Lalu dia menatap ke arah sosok Tarnished yang memegang kapak besar dan diam selama ini.

“Paman Kedua, benarkah begitu?”

Tarnished yang bertubuh pendek dan berjanggut lebat itu meliriknya sekilas, terlalu repot untuk berurusan dengan orang yang masih awam ini.

Si pemanah itulah yang tertawa kecil dan menjelaskan kepadanya:

“Memang benar.”

“Lord Gideon sendiri secara khusus memerintahkan kami untuk tidak memulai konflik apa pun jika kami bertemu dengannya.”

“Raja Badai tidak diragukan lagi memiliki ambisi untuk menjadi raja, yang menjadikannya musuh Tuan kita.”

“Dengan kata lain, jika identitas kami terungkap di sana, tidak seorang pun dari kami akan selamat.”

Prajurit tombak itu menyadari bahwa memang demikian adanya dan menutup mulutnya dengan malu-malu.

Namun, begitu mendengar nama Gideon, pria berjenggot itu menjadi gelisah.

“Hmph, sejak kami kembali, Gideon adalah satu-satunya yang bisa kami hubungi, dan dia sangat tertutup dan misterius.”

“Dia sudah lama kembali ke Negeri Antara, namun dia hanya bersembunyi di Benteng Meja Bundar!”

“Semua Ksatria Meja Bundar lainnya telah menghilang, dan Bernahl bahkan mengkhianati Erdtree!”

Dia mengepalkan tinjunya dengan marah.

“Itulah makna sebenarnya yang pernah kita perjuangkan…”

“Mengapa mereka, yang dulu memberikan kontribusi terbesar, sekarang menjadi seperti ini!”

Melihatnya seperti itu, sang Tarnished, sang pemilik perisai besar, melangkah maju dan menepuk bahunya untuk menenangkannya.

“Aku tahu kau sangat taat pada imanmu kepada Erdtree dan tidak tahan melihat mereka seperti ini, tetapi sekarang bukanlah waktu untuk disia-siakan.”

“Bagaimanapun, mari kita kembali ke Ibu Kota Kerajaan, Leyndell, terlebih dahulu.”

“Kita belum boleh lengah.”

“Kita sudah tertunda karena serangan dari makhluk-makhluk aneh itu.
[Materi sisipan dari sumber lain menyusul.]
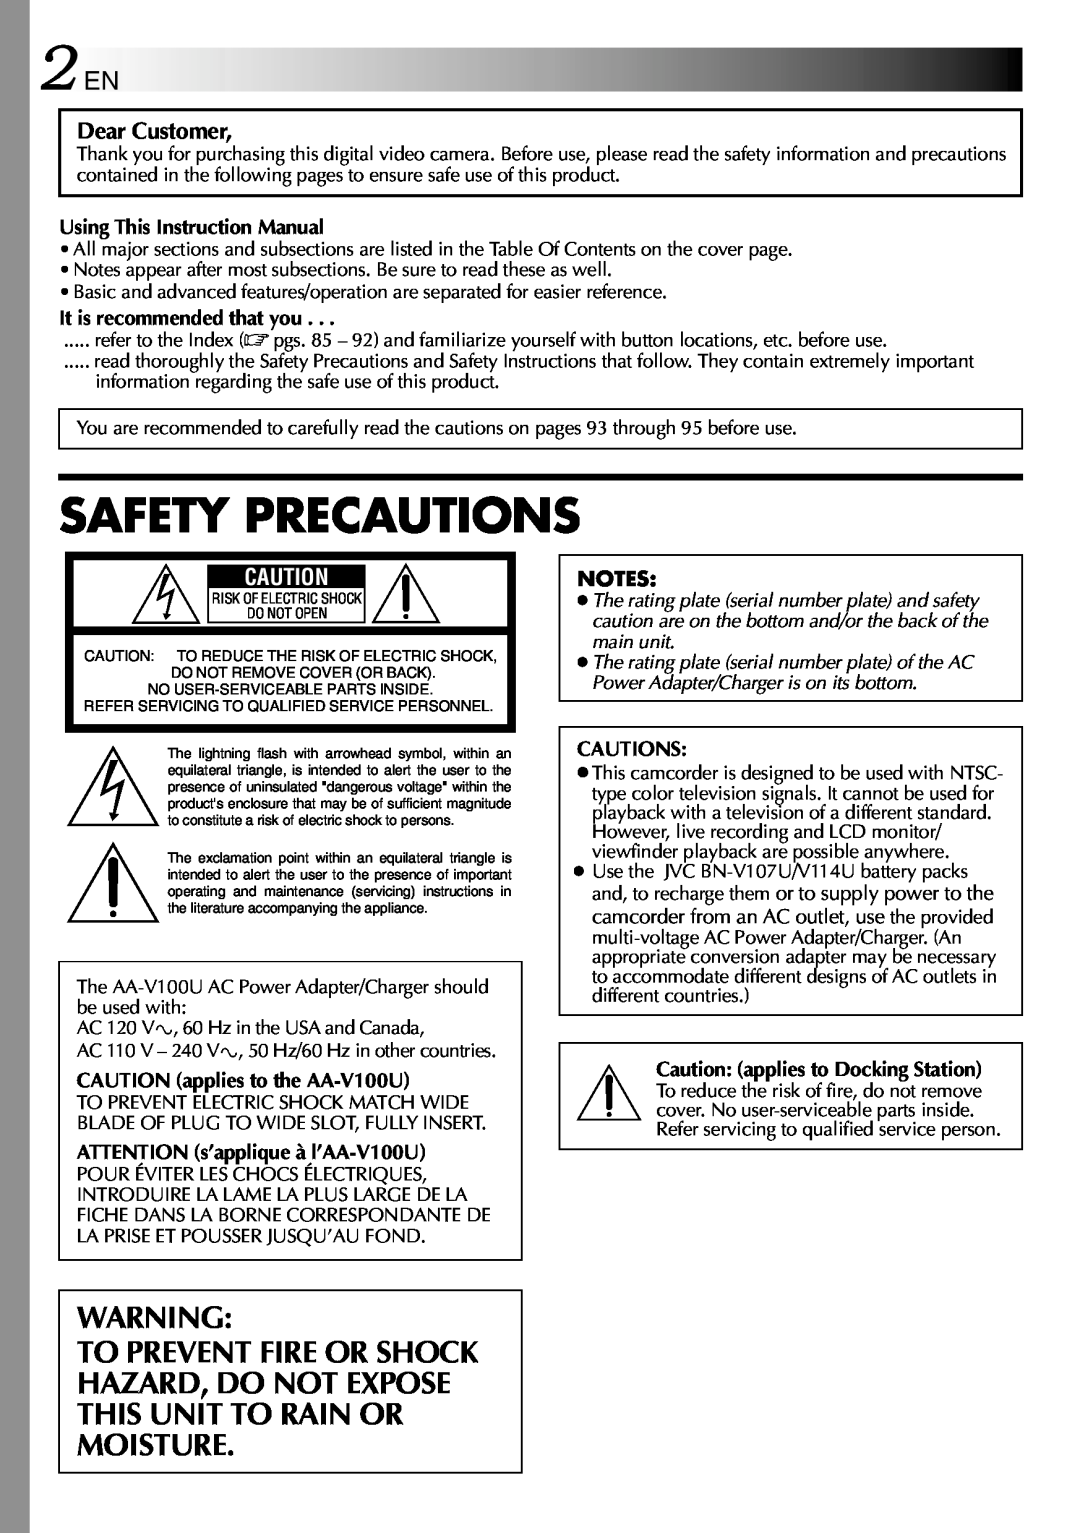 JVC GR-DVP3 specifications 2 EN, Dear Customer, Safety Precautions

Siapa tahu apa lagi yang akan kita temui di perjalanan.”

“Dari sekitar selusin tim pelopor yang berangkat, tampaknya hanya tim kami yang berhasil menyeberangi laut dan kembali ke Tanah di Antara.”
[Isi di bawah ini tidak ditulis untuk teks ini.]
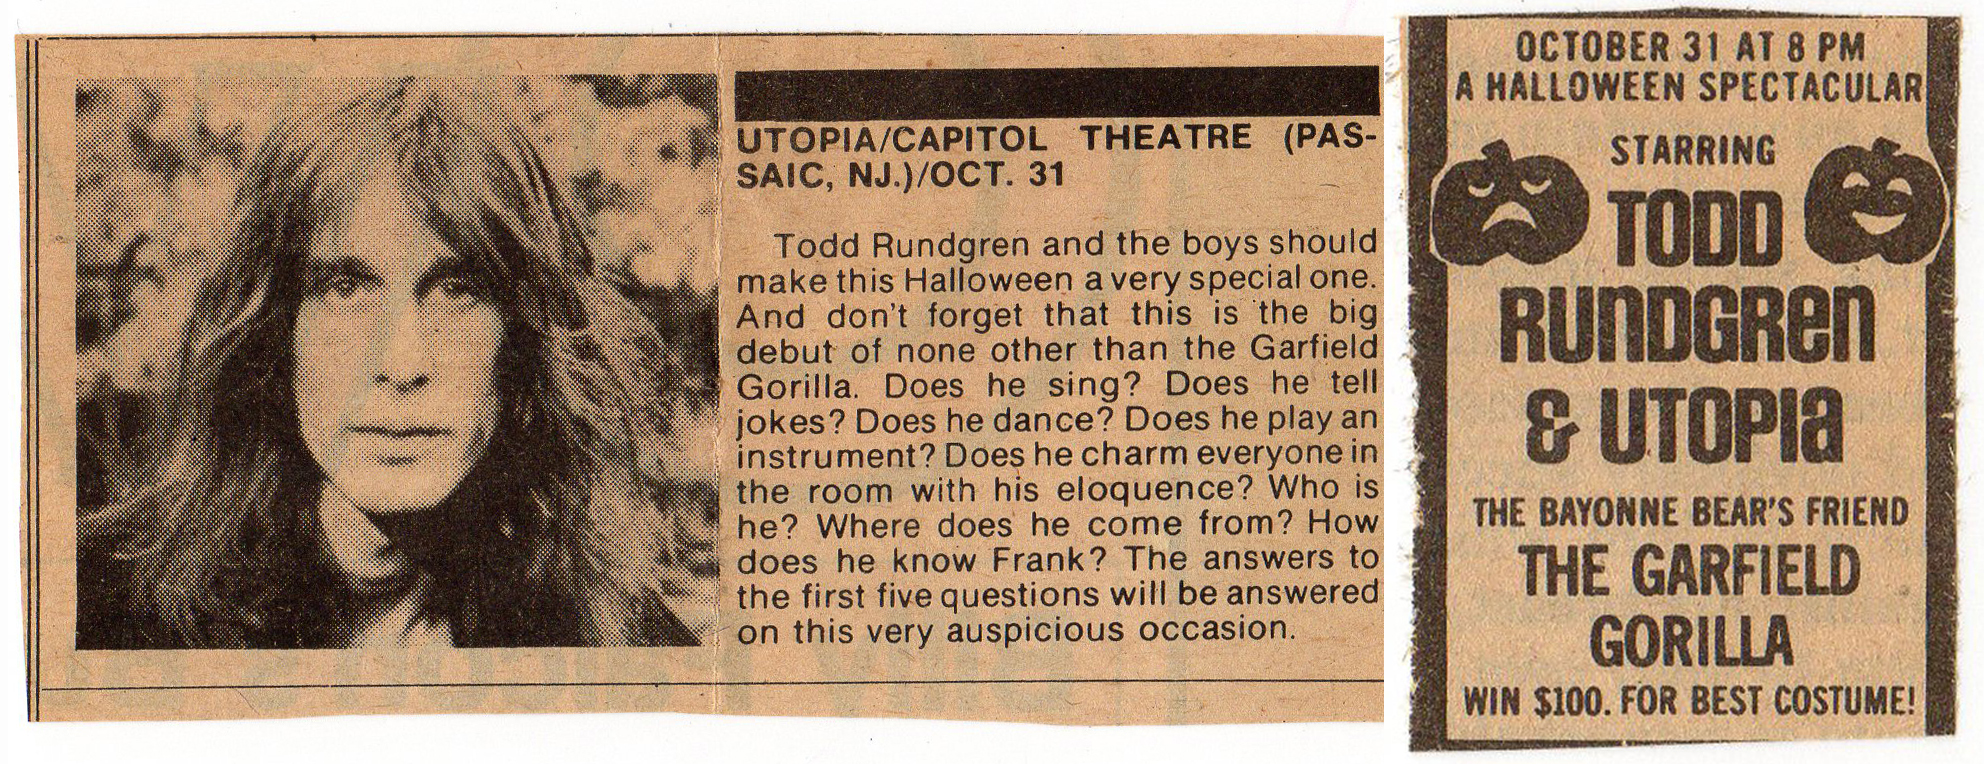 ToddRundgren1979-10-31CapitalTheaterPassiacNJ.jpg

“Oleh karena itu, kita tidak boleh gagal dalam misi ini.”

“Siapa pun yang mengendalikan Leyndell sekarang, kita harus menyampaikan berita ini.”

“Lalu, kita harus menstabilkan situasi sampai raja kita kembali.”

Kelompok itu terdiam dan melanjutkan perjalanan menuju Grand Lift of Dectus.

Mereka akan pergi ke Dataran Tinggi Altus untuk kembali ke Ibu Kota Kerajaan mereka, Leyndell.

Tujuan mereka, sebagai garda terdepan, adalah untuk membawa kembali kabar tentang raja mereka—

Di balik kabut, raja mereka, Godfrey, sedang menaklukkan kembali tanah tandus.

Setelah perang usai, kaum Tercemar, bersama dengan suku-suku yang ditaklukkan, akan segera berangkat kembali ke Tanah di Antara.

Pada saat itu, Negeri Antara akan sekali lagi jatuh di bawah kekuasaan ‘Penguasa Elden Pertama,’ Godfrey.